How to Set Up and Configure a Simple Alfresco Cluster

This article explains how to set up and configure a simple Alfresco cluster. This cluster will have these elements:


  • Alfresco installation on two nodes (each one will have its own Solr index)
  • Database install on one node
  • Contentstore being shared from one node
  • Proxy load balancer (using Apache)


Architecture

This can be spread out on to many different server nodes if you wanted to. But, we'll show you how to do this on 3 servers:


  • Alfresco install on alf1 node
  • Alfresco install on alf2 node
  • Database installation and shared NFS drive on db1 node


It is possible to do this on 2 servers (even 1 if you really wanted to) and have the database installed on one of the Alfresco servers but it's best for learning purposes to do it with 3 if you can. If you have enough resources locally, you can do this with VirtualBox or VMWare. For this article, I'll do it using AWS.
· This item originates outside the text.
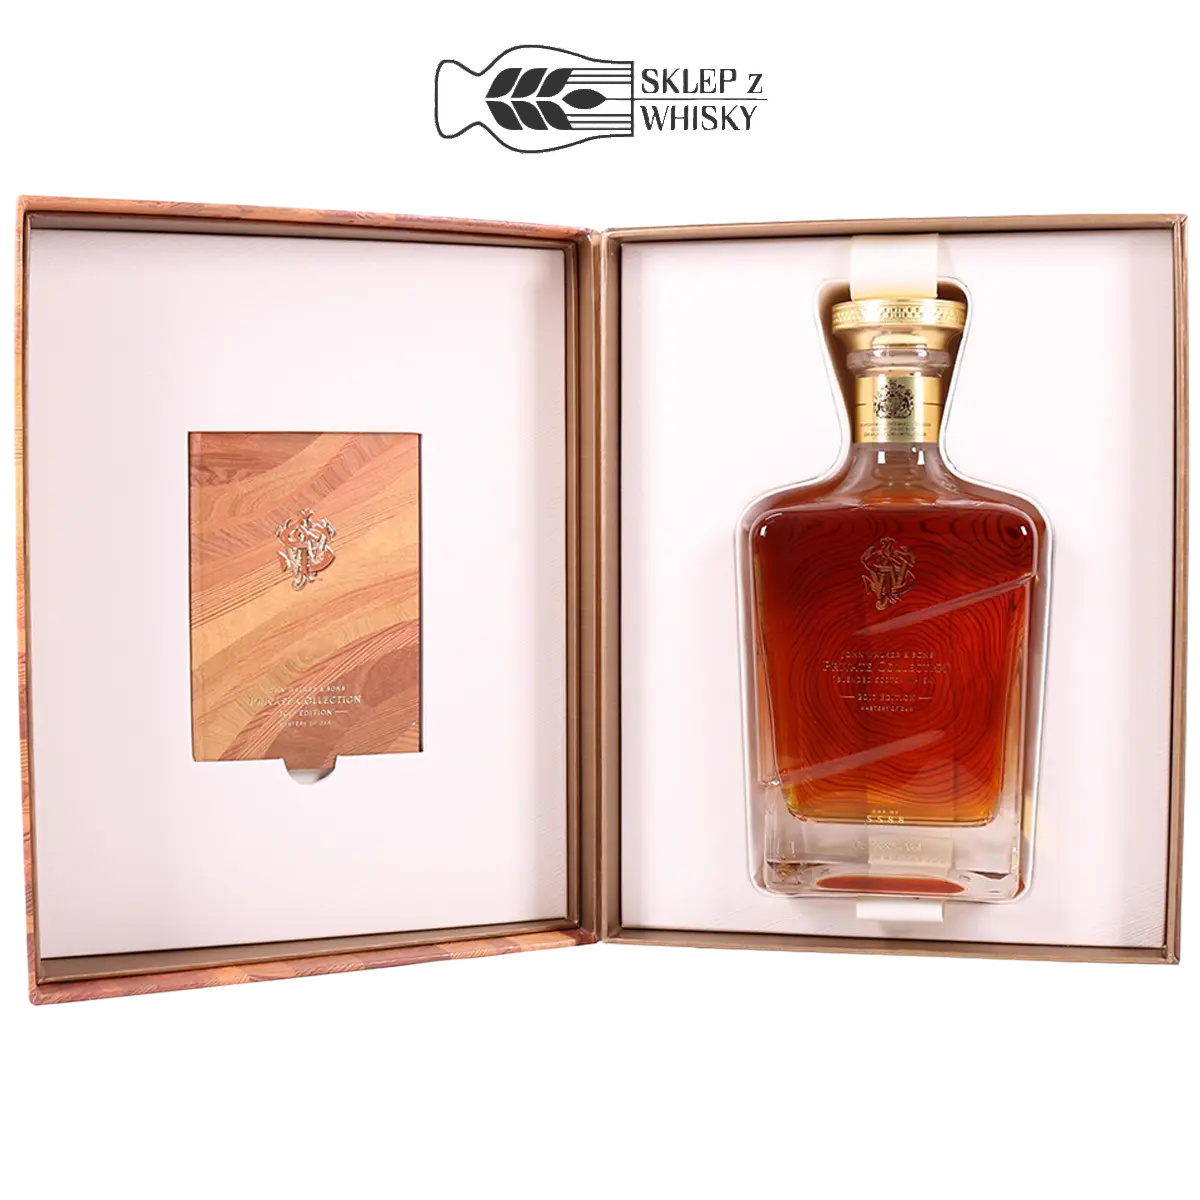 John Walker & Sons Private Collection 2017 - szkocka whisky blended, 700 ml, w eleganckim pudełku

Logically speaking, an Alfresco cluster will have at least two Alfresco installations. Both installations will use a single database and will share a similarly configured connection. For my example, I am using MySQL. Both Alfresco installs will also use a single contentstore where the files are shared. But, each Solr will have to have its own indexes. Solr has index files that only pertain to its own local Solr install. Solr doesn't have the ability to use index files that could be shared among Solr installations.

I have built 3 virtual servers which are using Ubuntu 16.04 as OS:


  • alf1 - 2 cpu's with 8GB of memory (hard drive space doesn't need to be more than the default 8GB that you get with an AWS instance)
  • alf2 - 2 cpu's with 8GB of memory (same hard drive specs)
  • db1 - 1 cpu with 4GB of memory (same hard drive specs)


Prepare Servers

Once you've built these three server, log in on each one and run updates and upgrades to get each system up to speed:

  # sudo apt update && sudo apt upgrade

For the Alfresco servers make sure these ports are open in both AWS security group and in each server's firewall:


  • alf1 and alf2: 8080, 8443 and 80
  • db1: 3306, 2049 and 111


On alf1 and alf2 run this command to install the prerequisites for the Alfresco installation:

       # sudo apt install libfontconfig1 libfontconfig1-dev libice-dev libice6 libsm-dev libsm6 libxrender-dev libxrender1 libxext-dev libxext6 libxinerama-dev libxinerama1 libcups2 libcups2-dev libglu1-mesa libglu1-mesa-dev libcairo2 libcairo2-dev

Install MySQL

On db1 install MySQL server:

# sudo apt install mysql-server

The MySQL server install should give you the opportunity to set the root password. For this article, I have set the password with 'Alfr3sc0'.

Open the MySQL client:

# mysql -u root -pAlfr3sc0

In the MySQL client, issue these commands to create the Alfresco database and set the proper permissions:

mysql> create database alfresco;

   mysql> grant all privileges on alfresco.* to 'alfresco'@'alfresco' identified by 'Alfr3sc0';
Query OK, 0 rows affected, 1 warning (0.01 sec)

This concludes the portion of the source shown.